Proposition

Show that if $f$ has an essential singularity at $z_0$ then $\frac{1}{f}$ also has an essential singularity at $z_0$.

Solution

Suppose $1/f$ does not have an essential singularity at $z_0$. Since $f$ has an isolated singularity at $z_0$, $1/f$ has an isolated singularity at $z_0$. By Proposition 9.5[a first course in complex analysis], $\lim_{z \rightarrow z_0} (z - z_0)^nf(z) \ne 0$ for any $n \in \mathbb{N}$. Moreover, this is a necessary and sufficient condition to having an essential singularity. Thus if $1/f$ does not have an essential singularity at $z_0$, then $\lim_{z \rightarrow z_0} (z - z_0)^n/f(z) = 0$ for some $n \in \mathbb{N}$.

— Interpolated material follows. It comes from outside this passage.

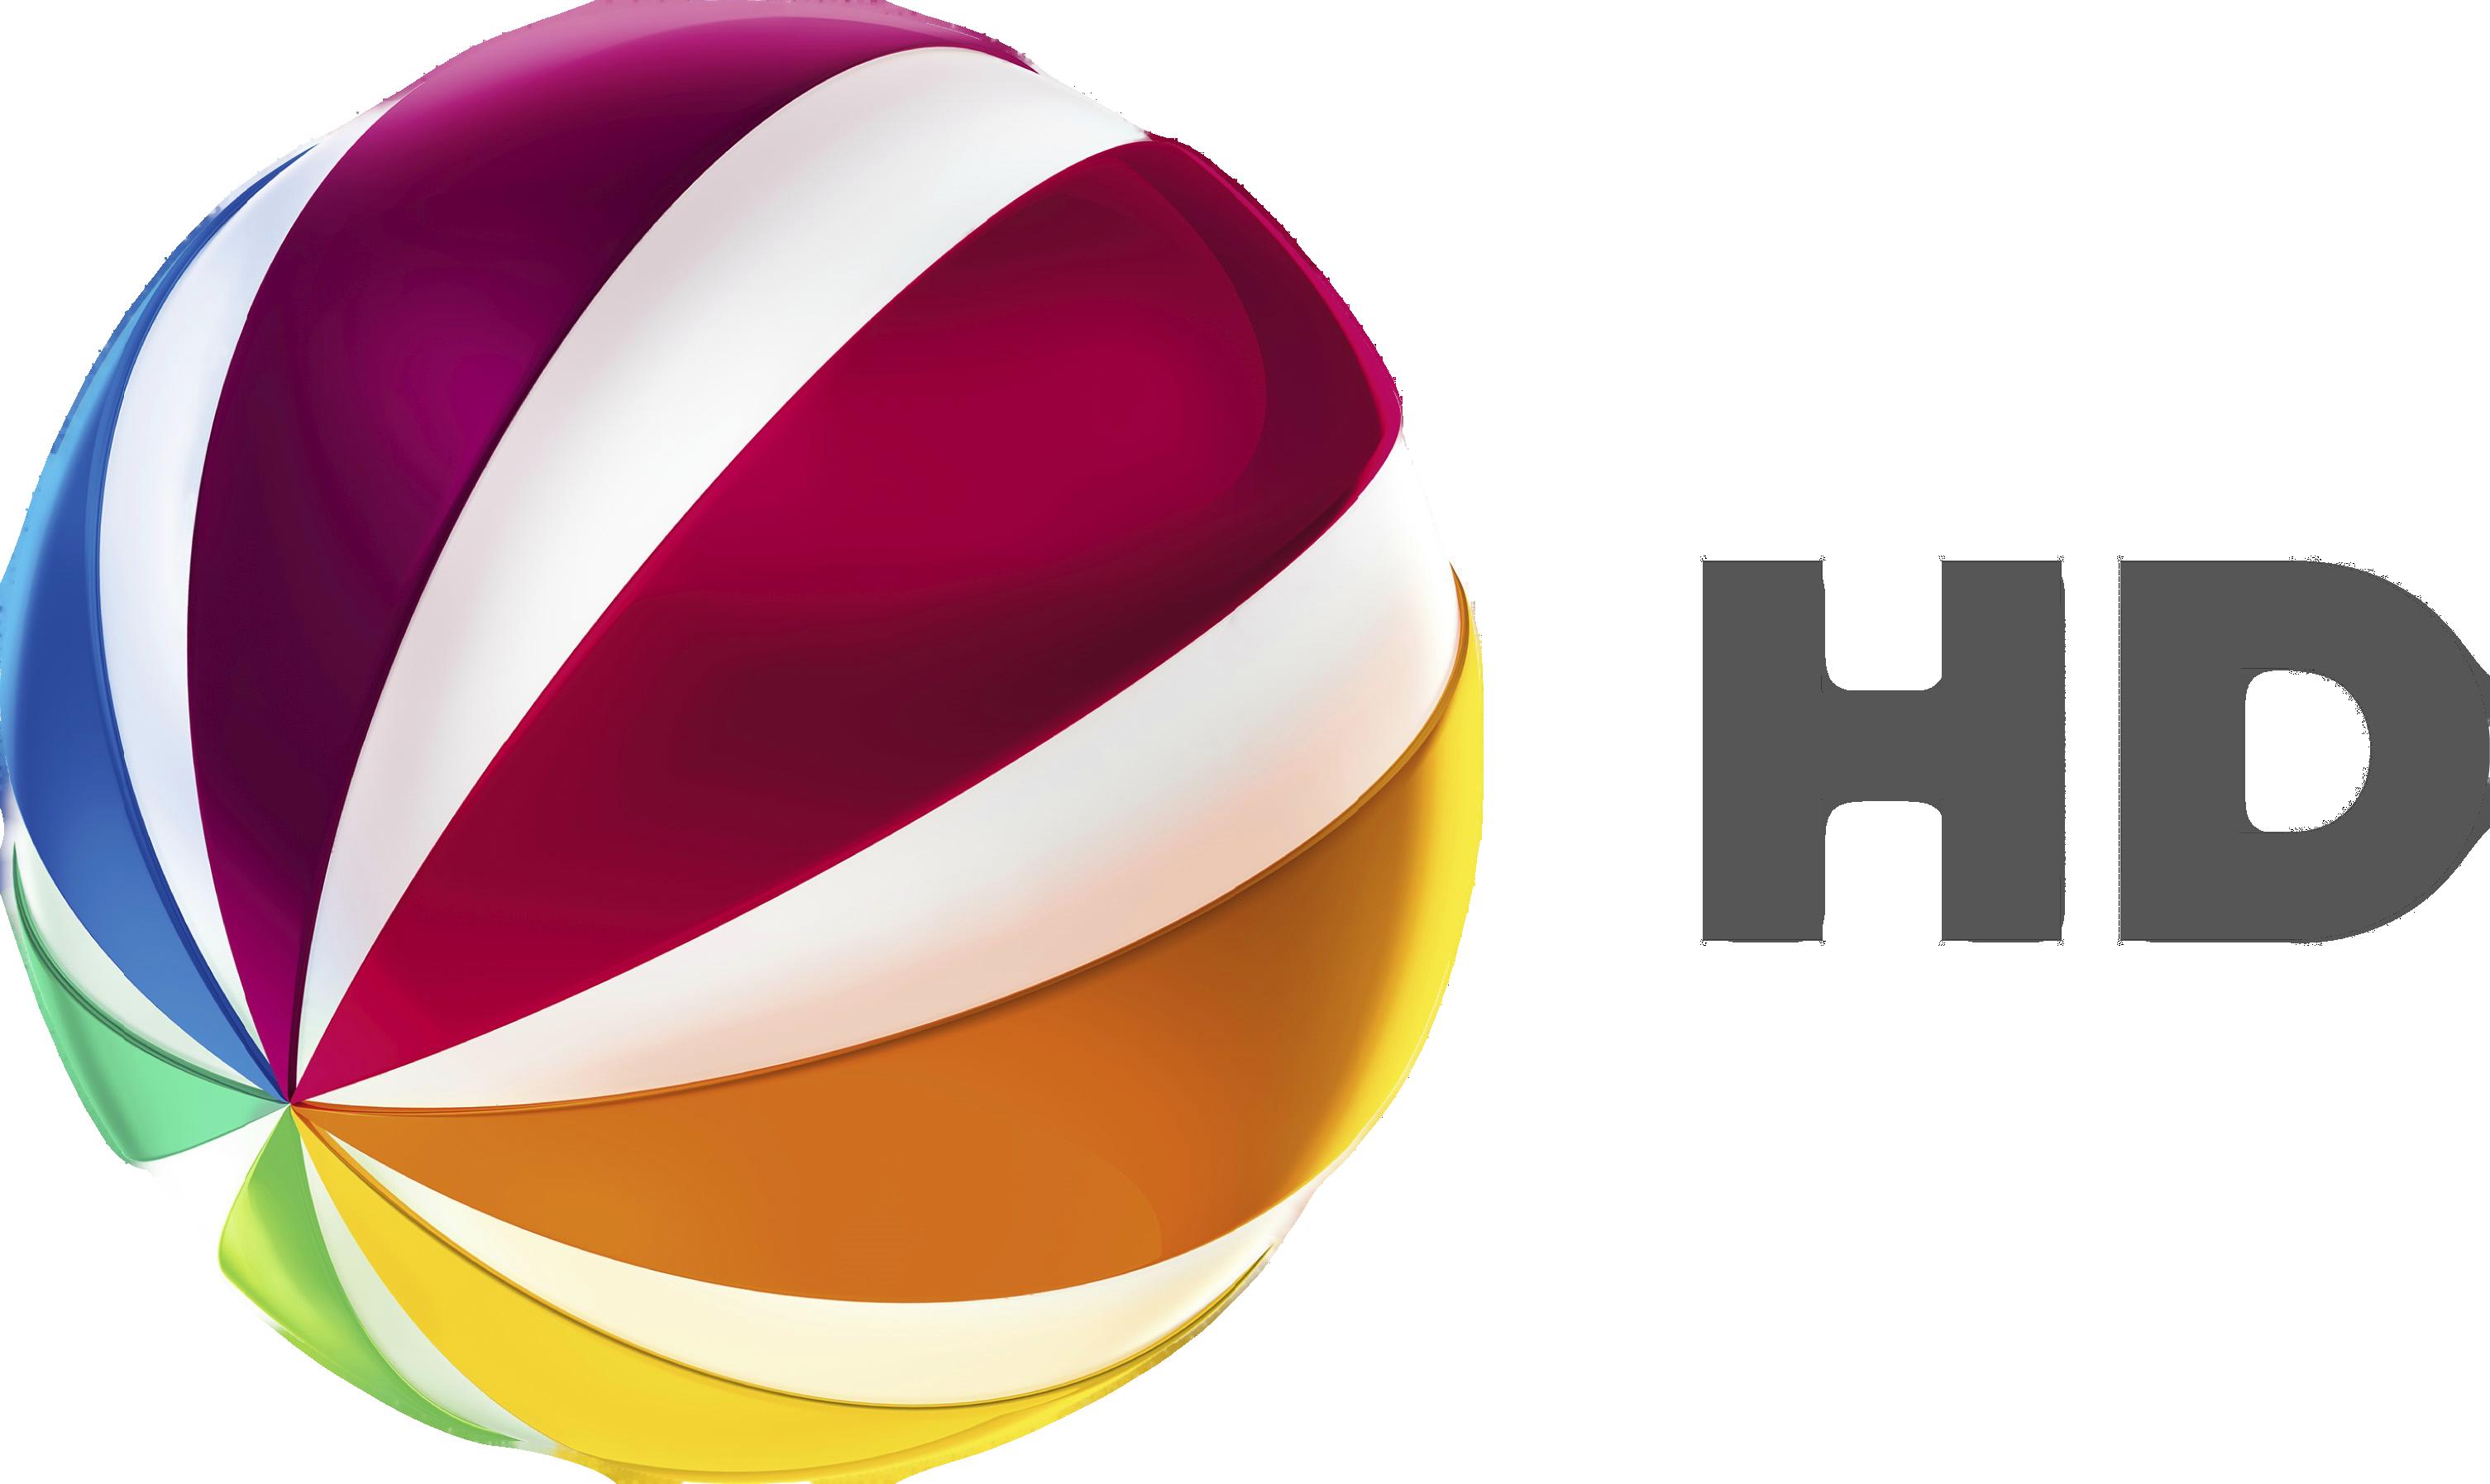 Satellite HD PNG - 119150

Let $n \in \mathbb{N}$ be given. For any $r > 0$, there exists $z’$ in the punctured disk $D[z_0, r] \setminus \{ z_0 \}$ such that $\abs{0 - f(z)} < r^n$ by Casorati-Weierstrass. This implies that $\lim_{z \rightarrow z_0} (z - z_0)^n/f(z) \ne 0$. Therefore, $1/f$ has an essential singularity at $z_0$.